Lions Gate Ent. Inc. v. TD Ameritrade Servs. Co., No. cv 15-05024  (C.D. Cal. Aug. 1, 2016)

Previous discussion and images from the campaign here.  Lions Gate claims common-law marks in DIRTY  DANCING and NOBODY PUTS BABY IN A CORNER, while Ameritrade’s ads used the line  “Nobody puts your old 401k in a corner” and a depiction of a man  lifting a piggy bank over his head.  The court granted reconsideration of the dismissal of the trademark dilution claims, because it previously required the that the defendant use a mark identical or nearly identical to the plaintiff’s mark.  The Ninth Circuit has held (wrongly, in my opinion) that the defendant’s mark need not be identical, nearly identical, or even substantially similar to the plaintiff’s mark under the TDRA.  Levi Strauss & Co. v. Abercrombie & Fitch Trading Co., 633  F.3d 1158, 1172 (9th Cir. 2011).  

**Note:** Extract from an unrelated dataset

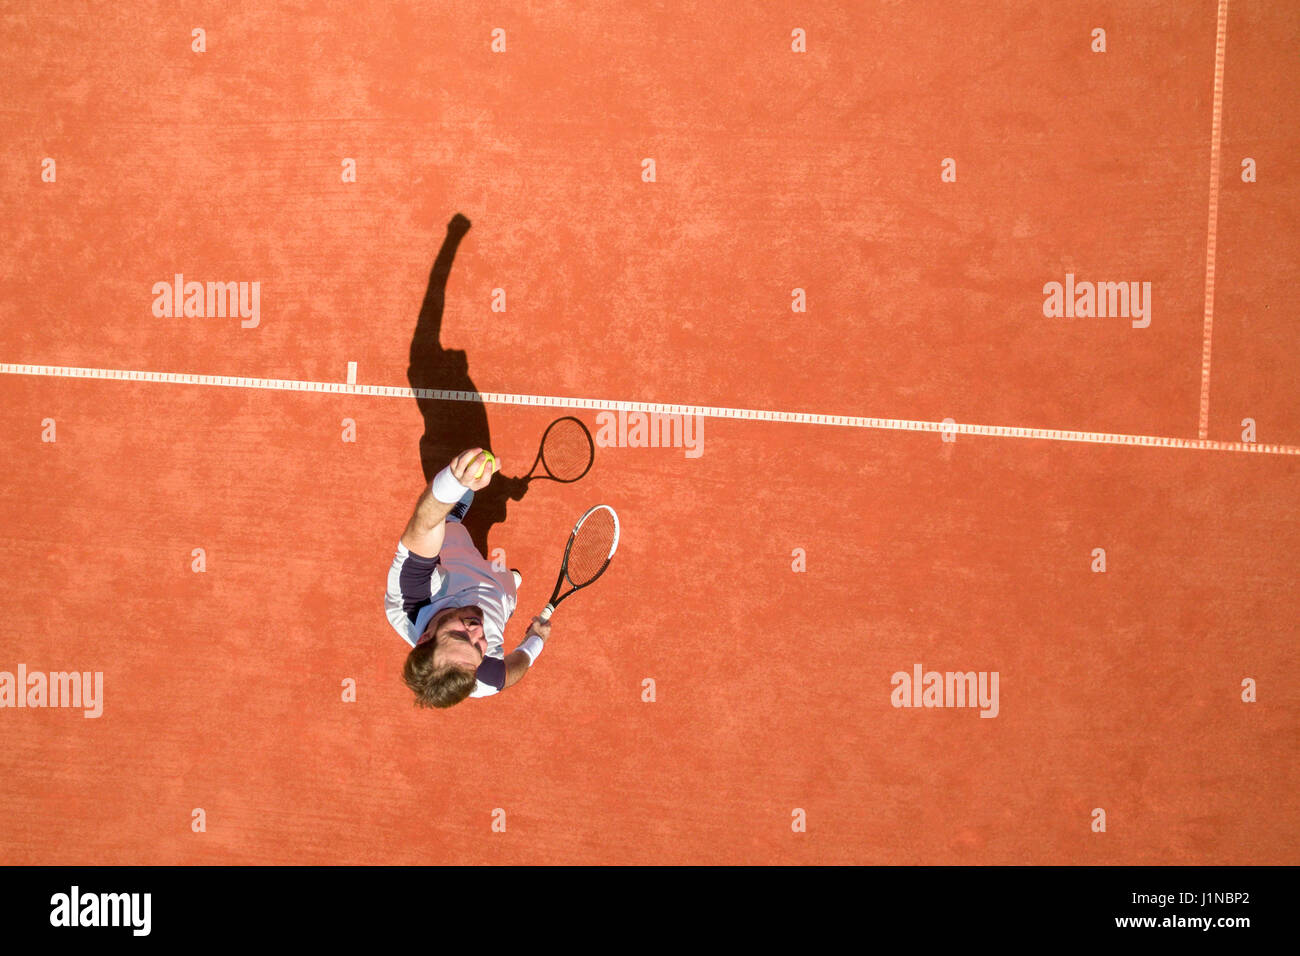 Vista superiore del giocatore di tennis sul campo da tennis Foto Stock

RT: The court of appeals based its reasoning on the existence of a multifactor statutory test for blurring which mentions only the degree of similarity, without setting a threshold for similarity.  But the multifactor test also lists various elements of distinctiveness/fame, without setting a threshold—and nonetheless, in order to be “famous,” the mark at issue will already have satisfied a threshold requirement of very high distinctiveness.  Given the power accorded the owner of a “famous” mark under the dilution statute, and the lack of clarity over what dilution even is, not to mention the fact that the legislative history exclusively discusses identical marks such as “Buick Aspirin,” a requirement of (near) identicality would be more appropriate.  However, the district court here can’t ignore circuit precedent—it’s not as if the district court is a 9th Circuit panel.

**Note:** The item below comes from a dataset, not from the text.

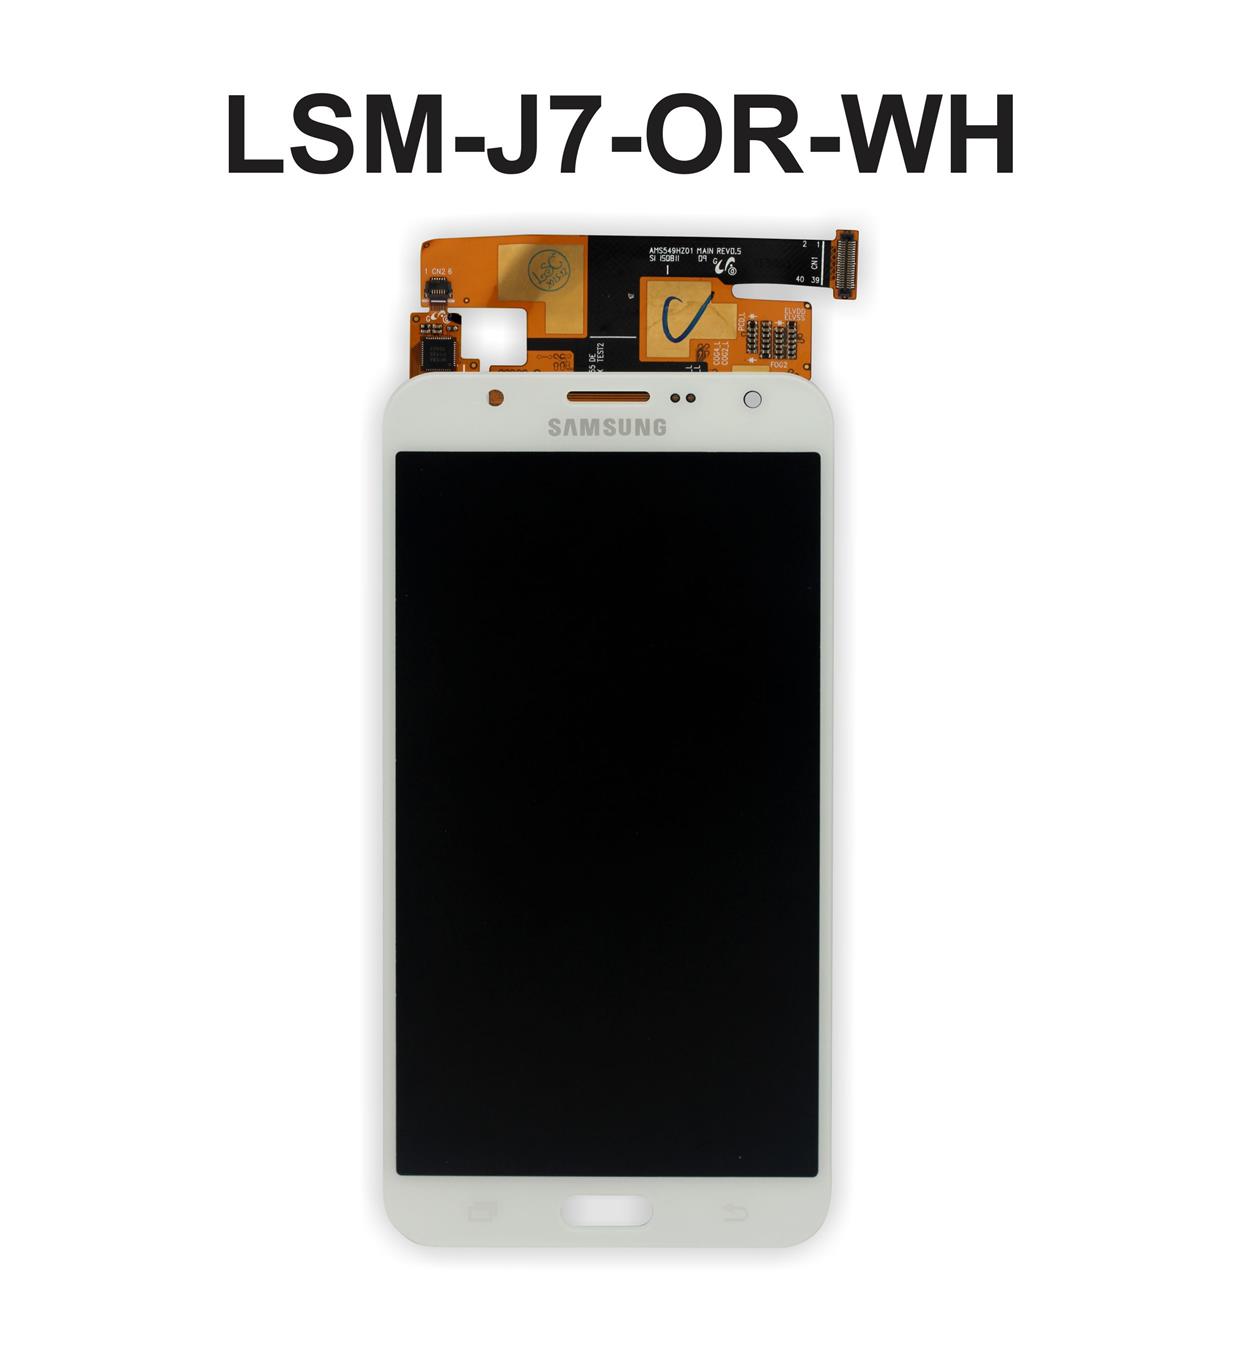 LCD Screen Digitizer Samsung Galaxy End 7 15 2019 1227 PM

Anyhow, revisiting the issue, while the court initially concluded that Ameritrade didn’t seem to be using the mark as a mark for its own goods and services, which is a requirement under the TDRA, it now devoted more attention to the issue and found that Lions Gate had sufficiently alleged use as a mark.  Ameritrade allegedly admitted that they used “Nobody puts your old 401k in a/the corner” as a tagline, which was tantamount to admitting use as a mark.  (What about the dance lift with the piggy bank?)  Slogans can be trademarks, and Ameritrade has previously sought registration for other slogans.  Because the complaint alleged that the tagline, “used alone and with other allusions to the  motion picture, such as the Dance Lift and the reference to the  song … is likely to cause people to falsely or  incorrectly believe that Lions Gate has approved, licensed,  endorses, sponsored, and/or authorized, or is associated with, TD  Ameritrade’s products and/or services,” that was sufficient to allege use as a mark.  Note the oddity here that allegations about confusion, which don’t seem to have been revived, turn into allegations about trademark use—perhaps another reminder of the poor fit of dilution into American theories about what trademarks are for.